*Data section*
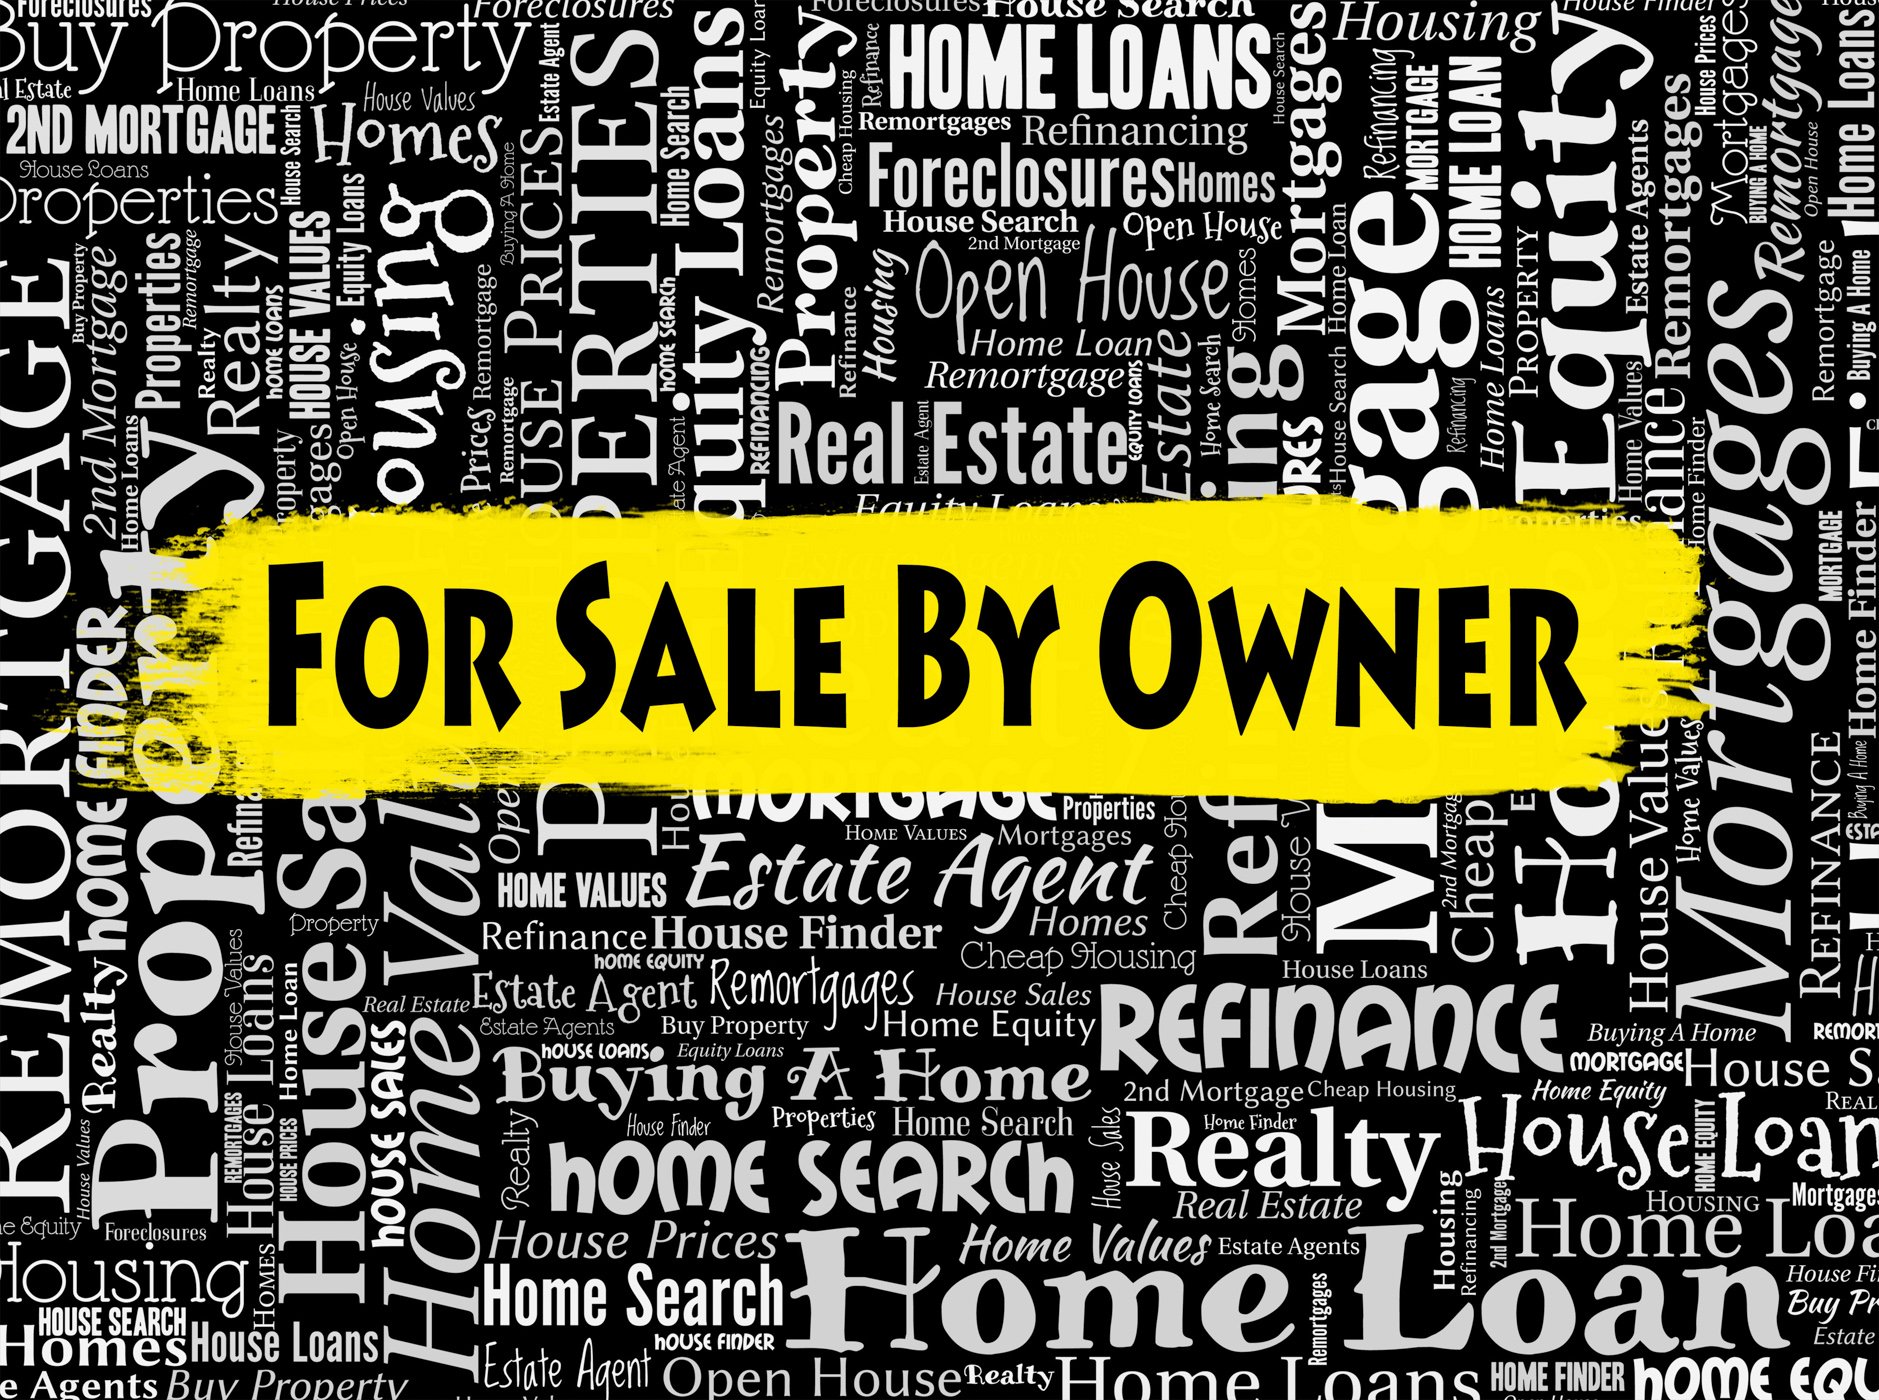 Sale by owner indicates on market and display photo
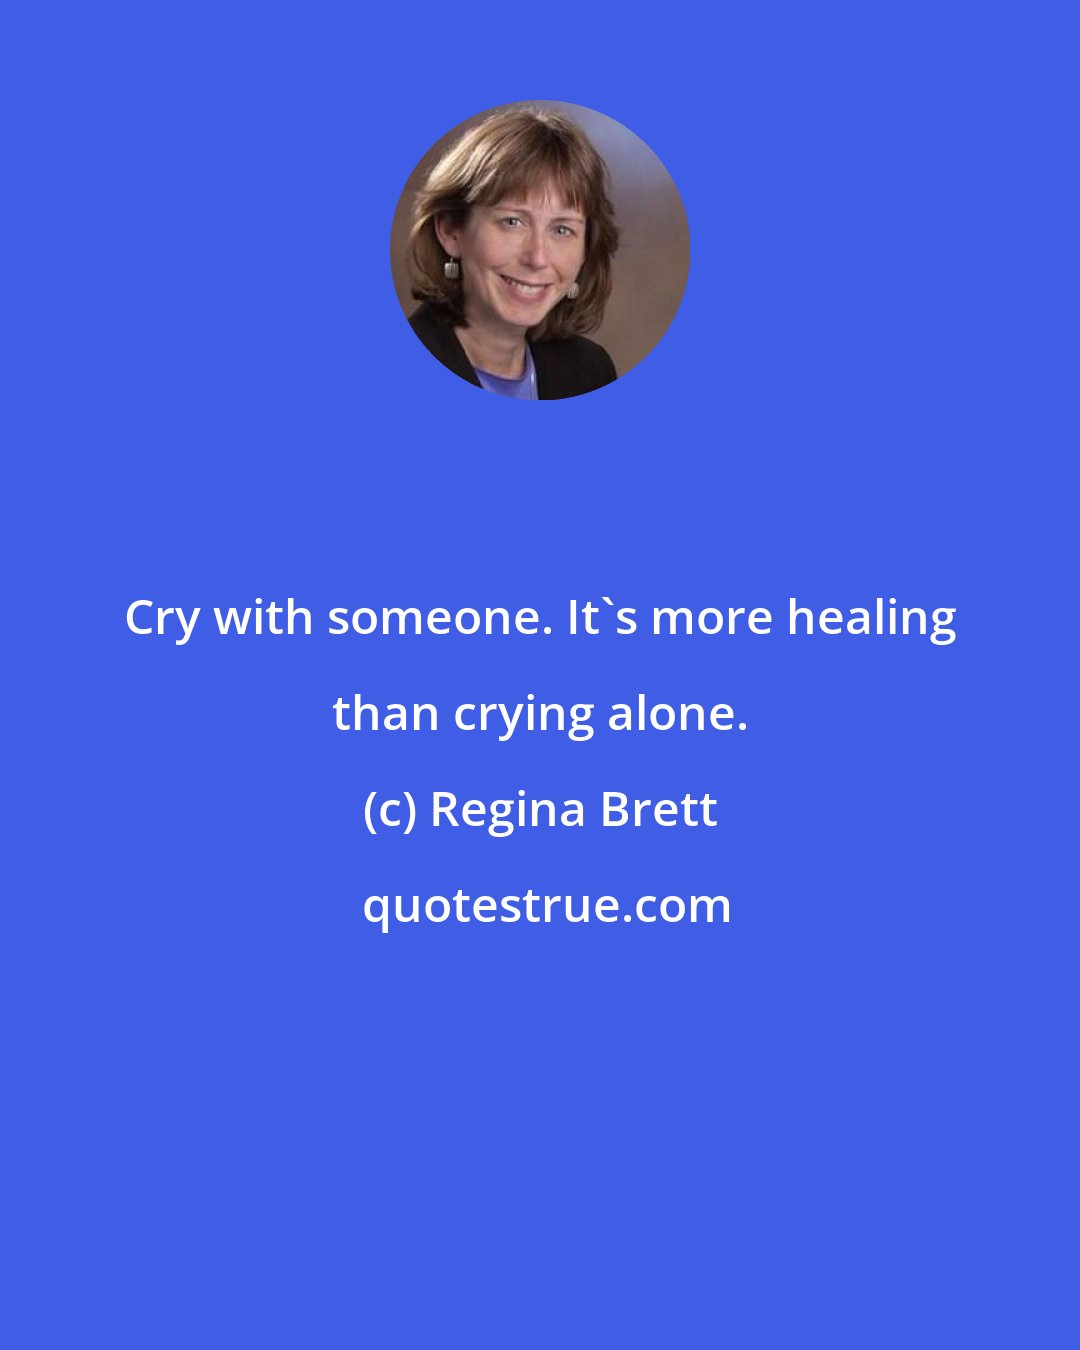 Regina Brett: Cry with someone. It's more healing than crying alone.
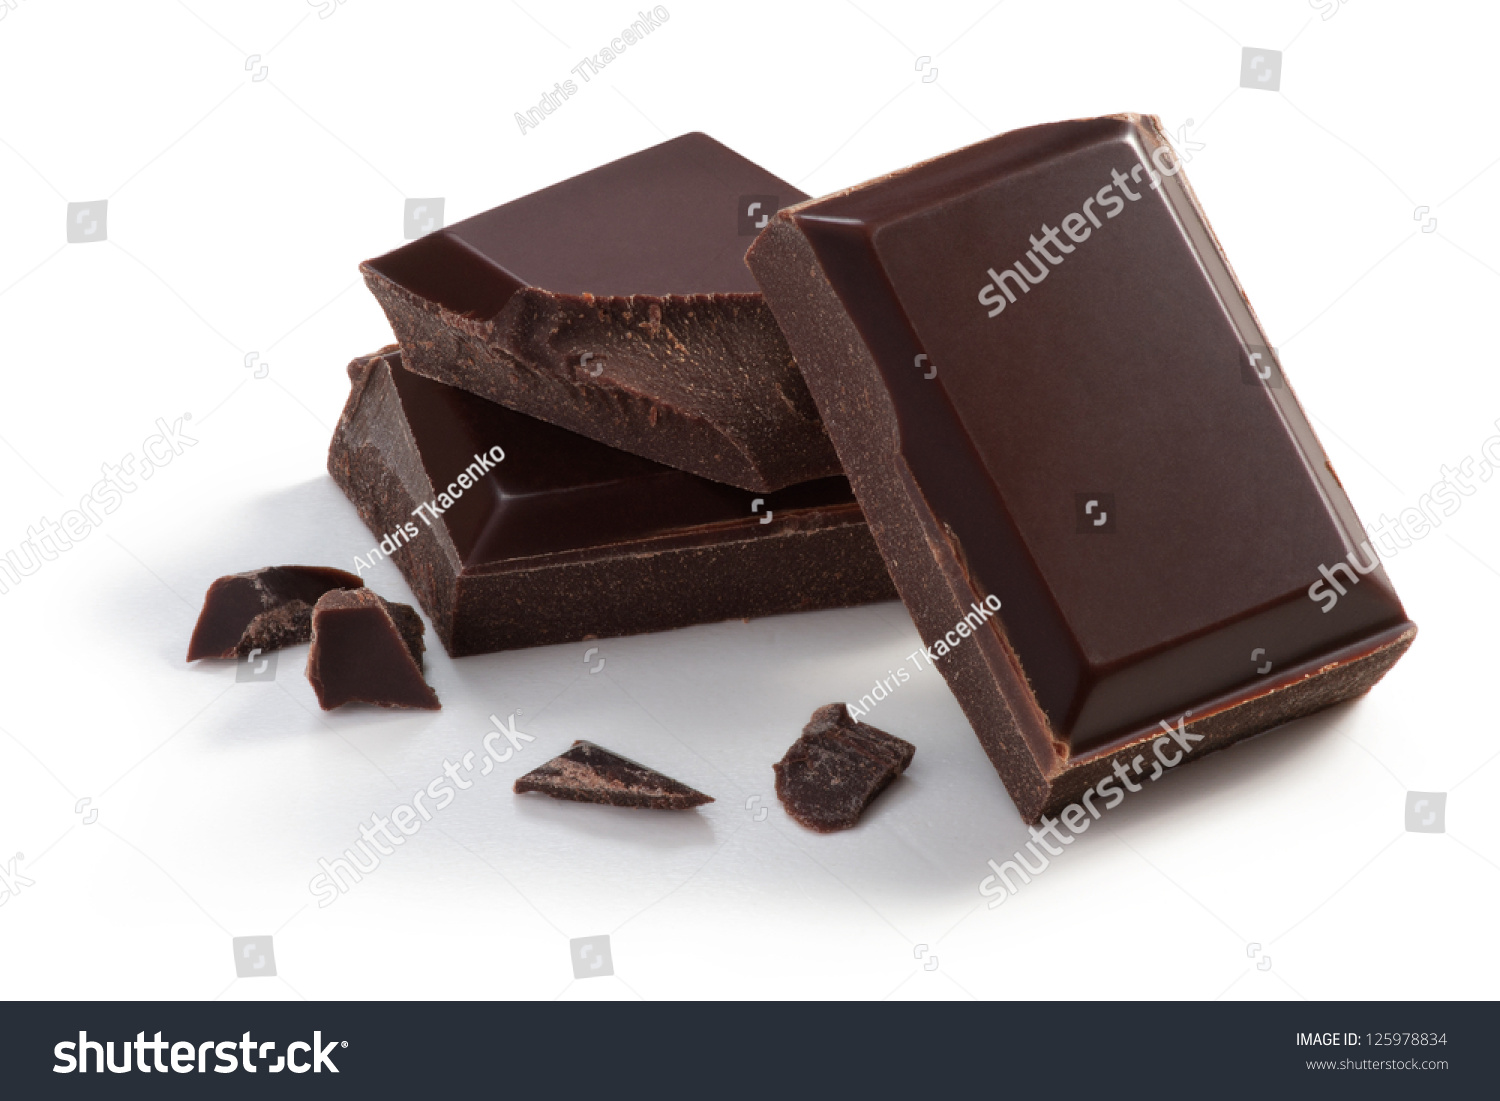 Three  pieces of Chocolate isolated on white, cleaned and retouched photo. #125978834

*Problem to solve*
Take the line with "Regina Brett: Cry" and every line after it through the end of the data, and write only them out exactly, leaving out the pictures.

*Response area*
 Regina Brett: Cry with someone. It's more healing than crying alone.
 Three  pieces of Chocolate isolated on white, cleaned and retouched photo. #125978834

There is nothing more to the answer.